Participants were asked about their age, gender, country of birth, current living situation, and highest level of education. They were also asked about their current employment status, current occupation, whether they had ever worked as a health professional, and their annual household income (before tax). Finally, they were asked how often they download and use a new general app or health-related app on their Apple device, and how often they use the Internet to search for general and health-related information, on a five-point scale (from 1=never to 5=daily).

Evaluation Information

Participants were asked a series of questions about their use and evaluation of the tools during the four-week intervention. Questions were tailored specifically to each of the three intervention tools.

Use of eHealth Tools

Participants were asked whether they had heard of or used Alzheimer’s Australia’s Your Brain Matters or BrainyApp prior to the study, how they accessed the current intervention tool, how often they used it, how long they used it for each time, whether they were ever unable to access it, and whether they intended to keep using it. For the BA and PLUS groups, they were also asked whether they were surprised by their scores on the survey. Participants’ use of the eHealth tool was tracked throughout the four-week intervention; data included frequency and duration of use.
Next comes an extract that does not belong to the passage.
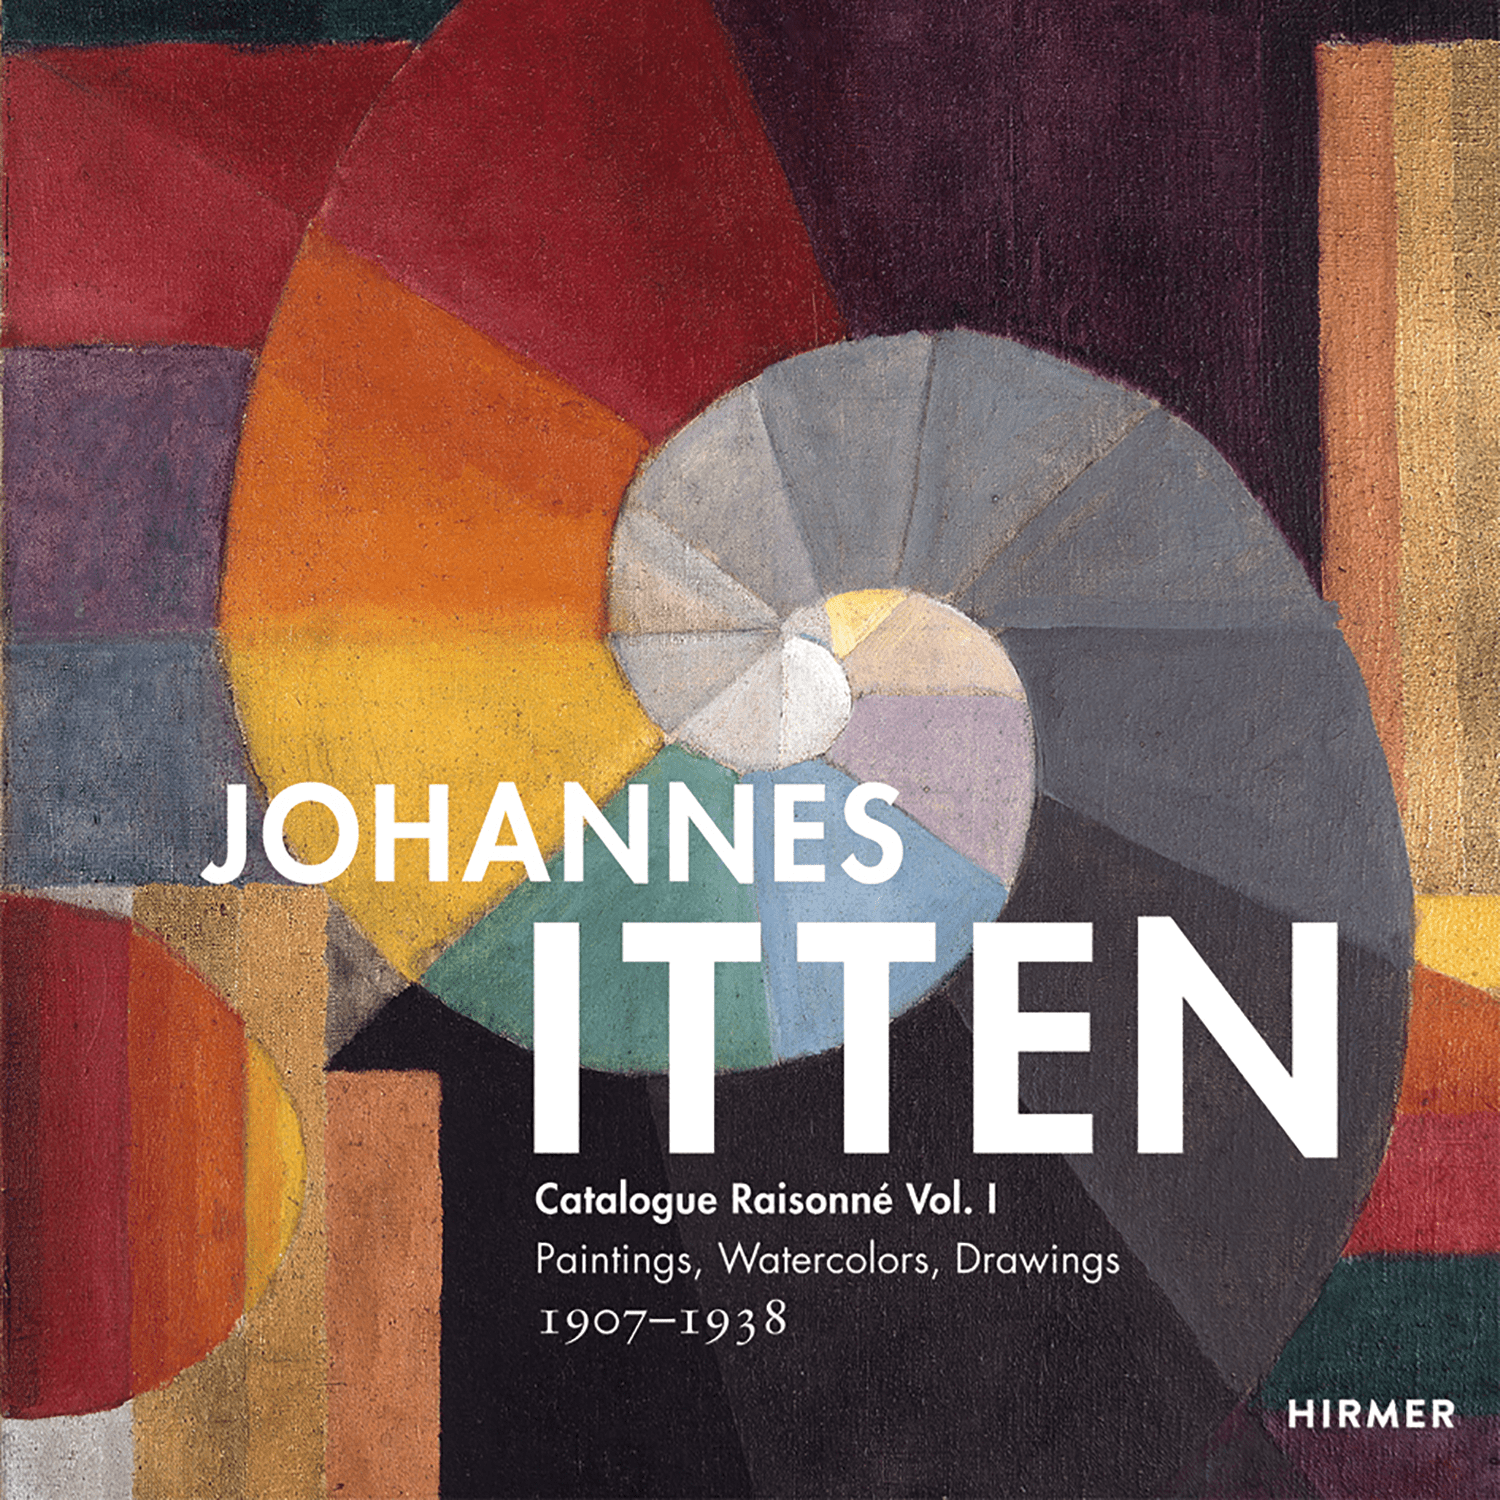 Johannes Itten - Catalogue raisonné Vol. I resmi

Evaluation of Intervention

Using a five-point scale, participants were asked about their overall impression of the intervention (from 1=terrible to 5=excellent), whether the information provided was interesting (from 1=not at all interesting to 5=very interesting), and easy to understand (from 1=very complex to 5=very simplistic), whether the intervention was easy to navigate (from 1=very difficult to 5=very easy), how helpful they found the intervention (from 1=not at all helpful to 5=very helpful), and how much they felt they learned (from 1=nothing at all to 5=a great deal).


IBM SPSS Statistics Version 21 was used to conduct the analyses. The average rate of missing data across the variables was low (no more than 3.0%); as a result, pairwise deletion was utilized for all analyses. A threshold of P<.05 was used for reporting statistical significance.
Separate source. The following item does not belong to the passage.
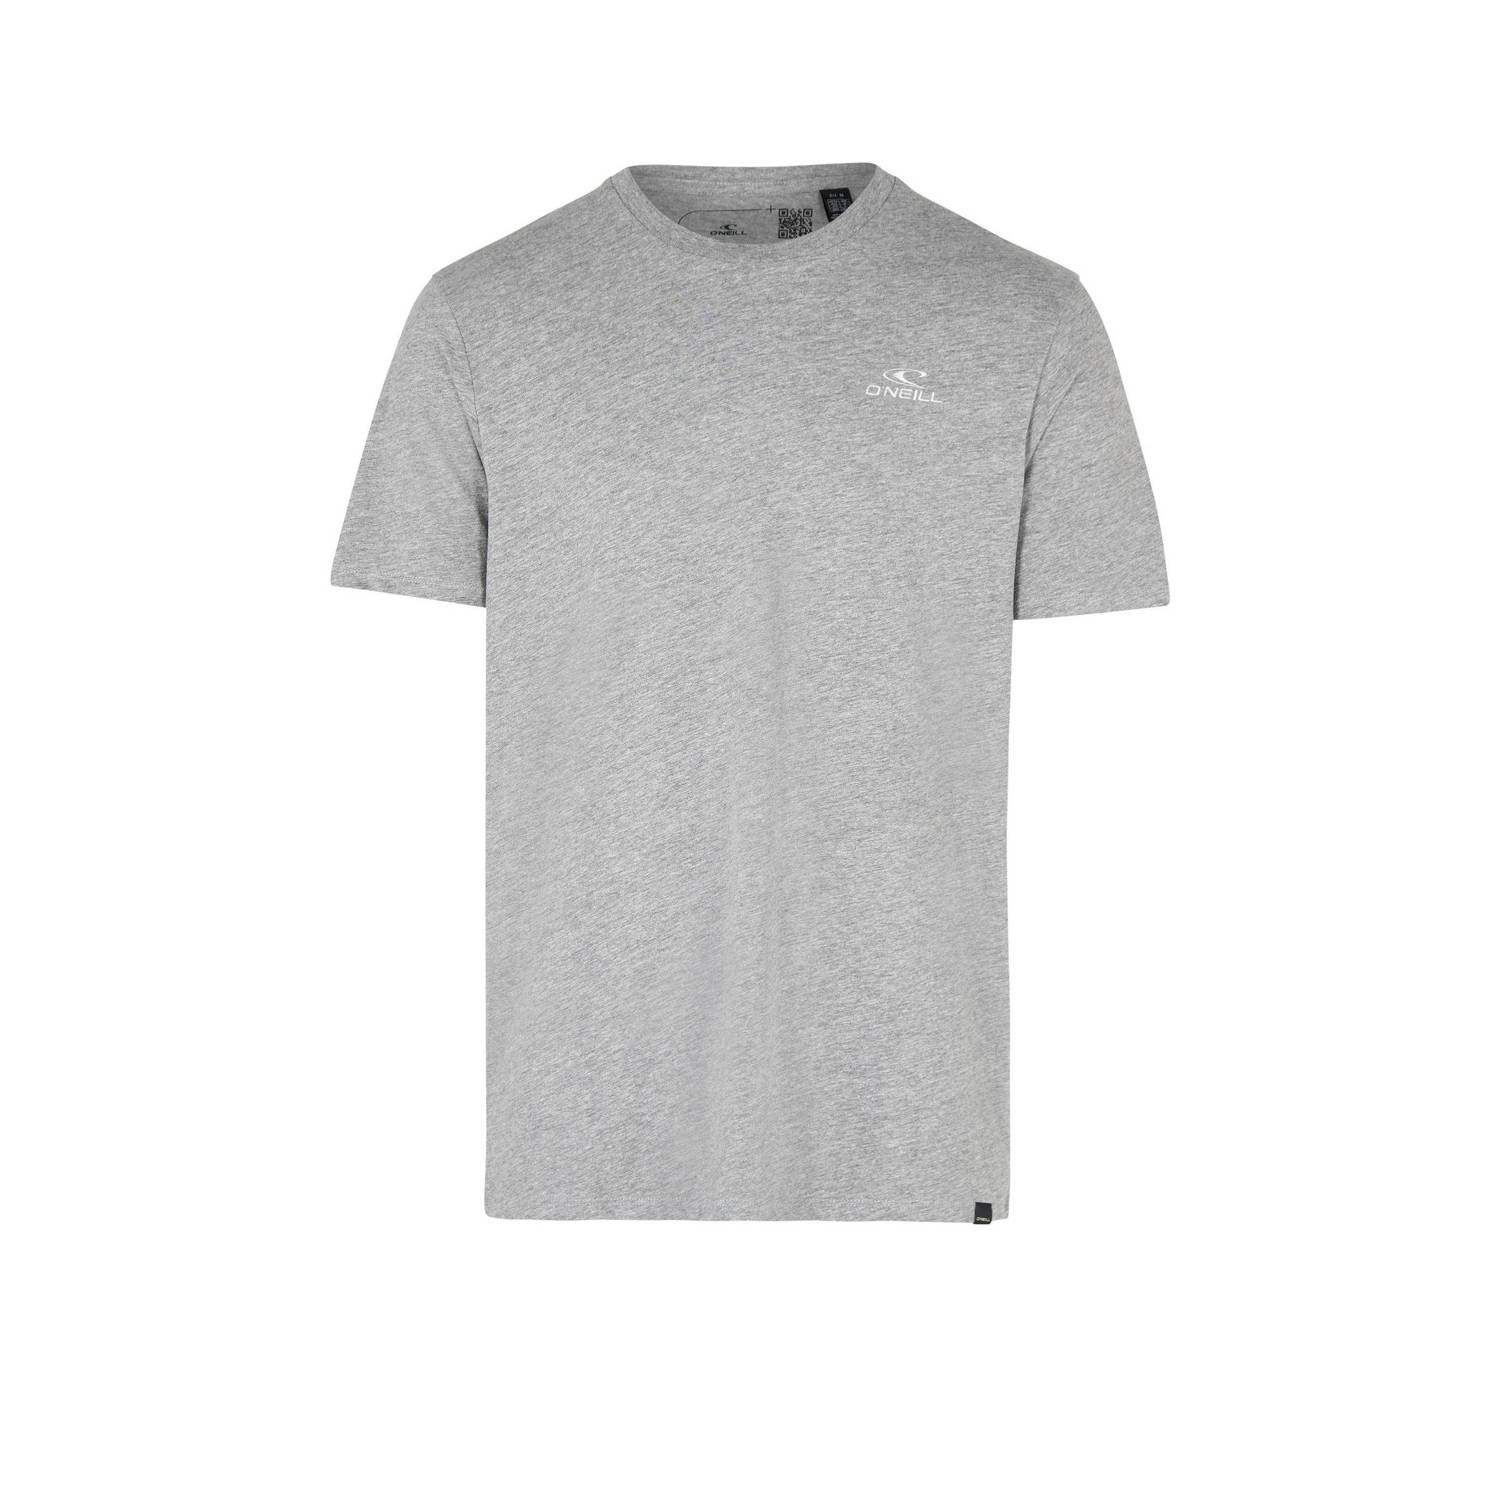 O'Neill T-shirt met logo grijs

The analyses are presented in four parts. First, significant differences between completers and non-completers were explored. Next, the sample characteristics were described, including levels of eHealth usage prior to the study. Third, usability and access data were examined across the intervention groups, including both self-report data and user tracking. Finally, differences in evaluation scores between the intervention groups were examined using a series of one-way between-groups ANOVAs.

With power set at .80 and alpha=.05, the required sample size for each group in order to observe a medium effect was 52 [26]. Thus, the sample size for BHHP and PLUS groups was adequate, while the sample size for the BA group was limited.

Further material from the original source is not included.